# Do you know about Dodec spinning wheels?



## Marchwind (May 10, 2002)

One of the women in my weaving and spinning group was telling me about these on Friday. She has since sent me links to the woman (I think she said invented it). Either way it is pretty cool. http://www.ravelry.com/projects/agateandaqua/dodec-spinning-wheel

Each spindle is removable and I believe can be spun as a support or drop spindle or used on the wheel. I love this idea. The original plans are posted on that link as well as some changes this woman made :goodjob: those who are handle with wood and tools could make one easily.


----------



## kentuckyhippie (May 29, 2004)

my son is currently building one for me.

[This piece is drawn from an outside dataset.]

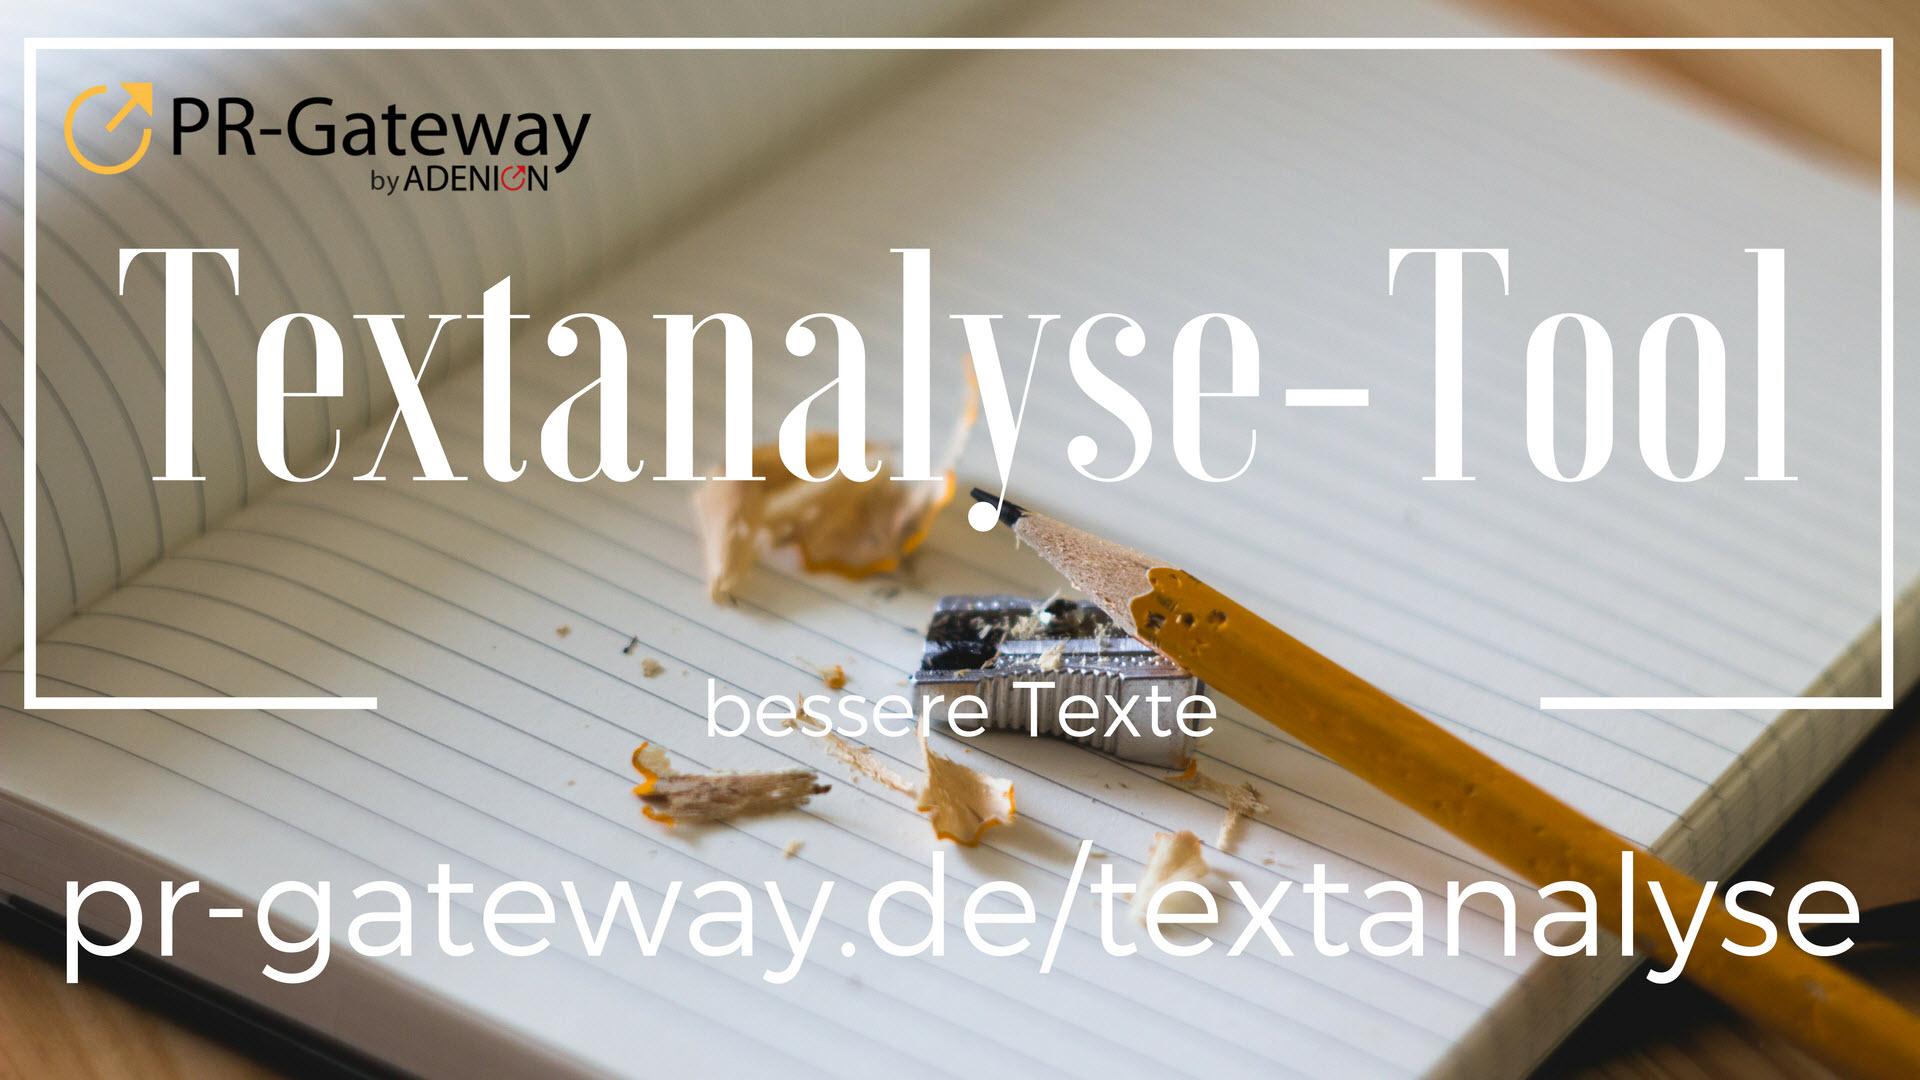 Textanalyse-Tool
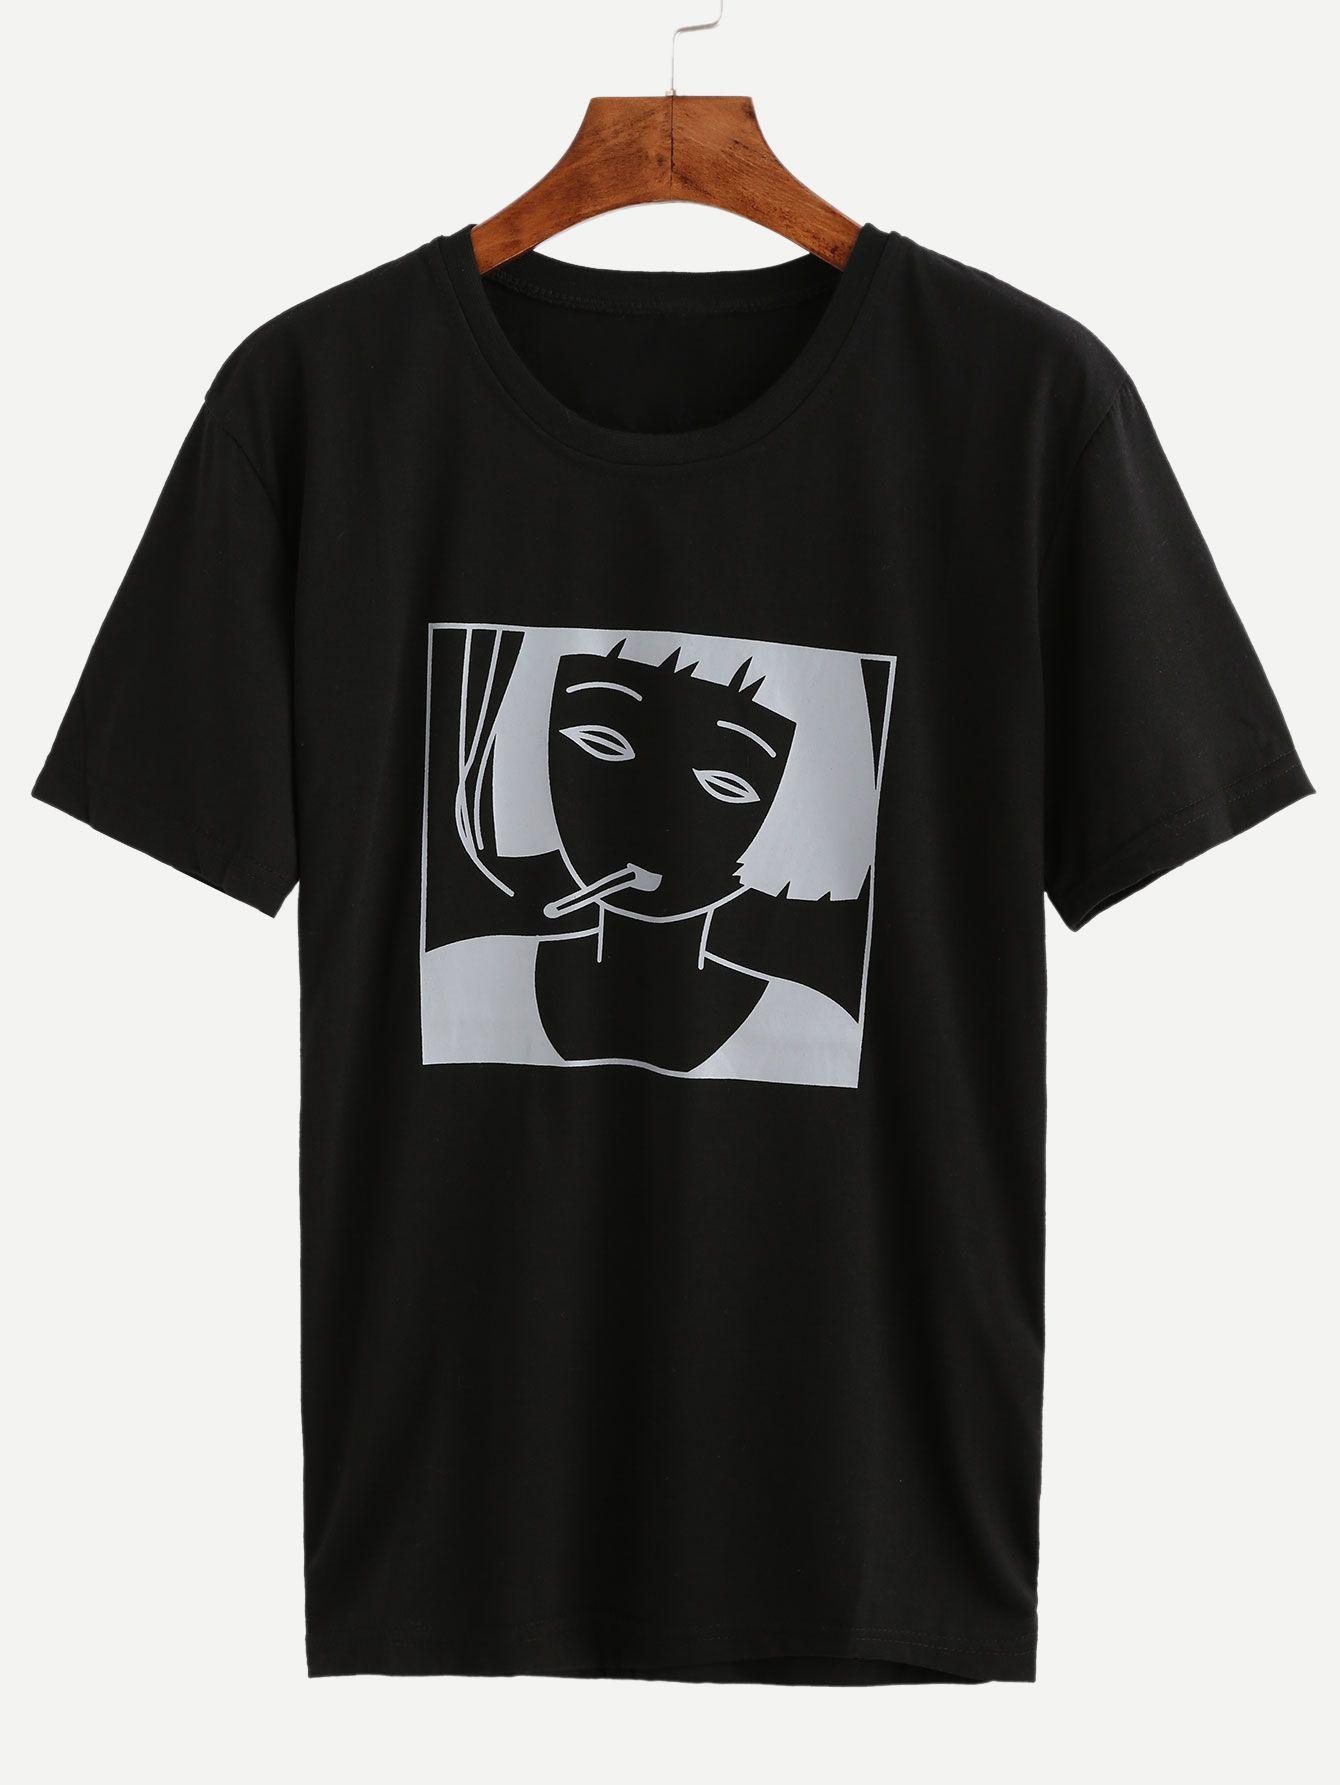 694ae8b77 Shop Black Girl Print T-shirt online. SheIn offers Black Girl Print T-shirt  & more to fit your fashionable needs.

I am looking forward to trying it out soon. he says it is fairly simple to build


----------



## Marchwind (May 10, 2002)

Yes kentuckyhippie that is what I understand. BTW, Welcome to The Fold! Make sure you take pictures and show us please.


----------



## Kasota (Nov 25, 2013)

I'd love to see pictures, too. Looks like it would be an interesting project to tackle!


----------



## hotzcatz (Oct 16, 2007)

It's interesting the way the spindles can also be used as a drop spindle. It's a different method of spinning, though, having the spindle to spin on instead of a flyer. Kinda a cross between a small flyer type wheel and a big walking wheel.


----------



## Marchwind (May 10, 2002)

Sort of like a Rio Grande wheel which is basically a great wheel with a treadle.
Kasota if you click on the link you can see a picture and them plans for making one are right there too.


----------